■ **Task brief**: Your answer should be the lines from the start of the records through the line with "handmade-leather-dog-collar-with-hand-tooled-vine-pattern-and", copied word for word.

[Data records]
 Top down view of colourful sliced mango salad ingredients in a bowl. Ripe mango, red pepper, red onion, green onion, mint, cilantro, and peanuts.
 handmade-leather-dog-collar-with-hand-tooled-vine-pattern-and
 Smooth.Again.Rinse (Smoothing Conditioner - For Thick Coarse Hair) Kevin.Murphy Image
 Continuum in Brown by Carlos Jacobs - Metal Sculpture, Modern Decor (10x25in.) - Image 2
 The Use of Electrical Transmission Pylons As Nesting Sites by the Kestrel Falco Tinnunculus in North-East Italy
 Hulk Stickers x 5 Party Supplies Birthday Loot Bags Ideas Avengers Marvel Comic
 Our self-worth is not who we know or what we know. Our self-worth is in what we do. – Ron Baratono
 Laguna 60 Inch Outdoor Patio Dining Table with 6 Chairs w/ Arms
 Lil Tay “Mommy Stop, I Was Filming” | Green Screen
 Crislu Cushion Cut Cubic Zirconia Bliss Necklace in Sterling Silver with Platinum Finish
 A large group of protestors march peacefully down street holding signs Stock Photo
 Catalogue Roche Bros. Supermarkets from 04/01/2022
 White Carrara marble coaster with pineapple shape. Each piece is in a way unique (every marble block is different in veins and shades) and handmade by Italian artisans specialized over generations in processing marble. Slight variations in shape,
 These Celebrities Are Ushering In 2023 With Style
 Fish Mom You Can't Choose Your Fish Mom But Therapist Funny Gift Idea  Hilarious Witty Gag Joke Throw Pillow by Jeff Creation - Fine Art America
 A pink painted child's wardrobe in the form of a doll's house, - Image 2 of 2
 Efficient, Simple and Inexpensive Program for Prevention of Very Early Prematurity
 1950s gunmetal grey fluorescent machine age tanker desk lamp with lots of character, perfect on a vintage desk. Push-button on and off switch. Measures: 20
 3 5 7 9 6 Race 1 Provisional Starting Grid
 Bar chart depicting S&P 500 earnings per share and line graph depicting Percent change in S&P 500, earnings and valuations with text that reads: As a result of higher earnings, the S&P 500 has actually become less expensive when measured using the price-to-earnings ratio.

■ **Output of the task**:
 Top down view of colourful sliced mango salad ingredients in a bowl. Ripe mango, red pepper, red onion, green onion, mint, cilantro, and peanuts.
 handmade-leather-dog-collar-with-hand-tooled-vine-pattern-and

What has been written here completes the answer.